Congestive heart failure
3.3.9
Three studies reported a history of congestive heart failure. No heterogeneity was observed (I^2^ = 0.0%, p = 0.863), and a fixed-effects model was used. Univariable analysis showed that congestive heart failure significantly increases the risk of AKI after TAVR [OR = 1.42, 95% CI: 1.10–1.83], as presented in Figure 3e.
NYHA class III–IV
3.3.10
Seventeen studies reported preoperative New York Heart Association (NYHA) functional classification as class III–IV. Moderate heterogeneity was observed (I^2^ = 42.5%, p = 0.037), and a fixed-effects model was used.

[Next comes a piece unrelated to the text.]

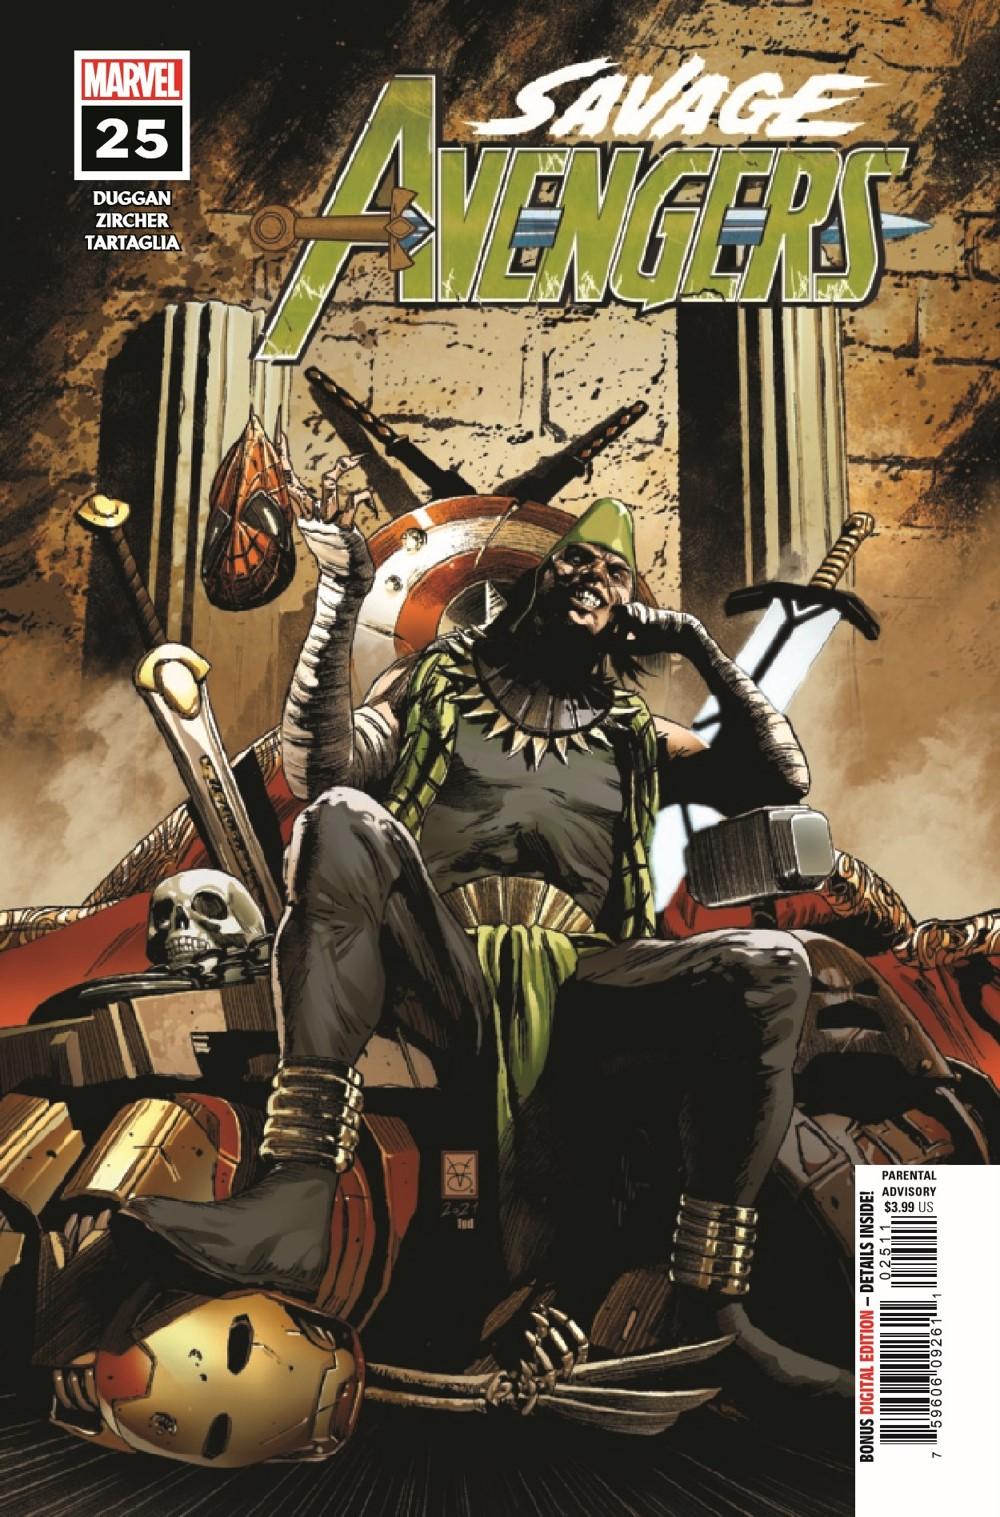 SAVAVEN2019025_Preview-1 ComicList Previews: SAVAGE AVENGERS #25

Univariable analysis indicated that NYHA class III–IV is a significant risk factor for AKI following TAVR [OR = 1.41, 95% CI: 1.20–1.66], as shown in Figure 4a.
(a) NYHA class III–IV univariate forest plot; (b) LVEF less than 40% univariate forest plot; (c) postoperative aortic regurgitation more than grade 2 univariate forest plot; (d) preoperative Anemia univariate forest plot; (e) diuretic Use univariate forest plot.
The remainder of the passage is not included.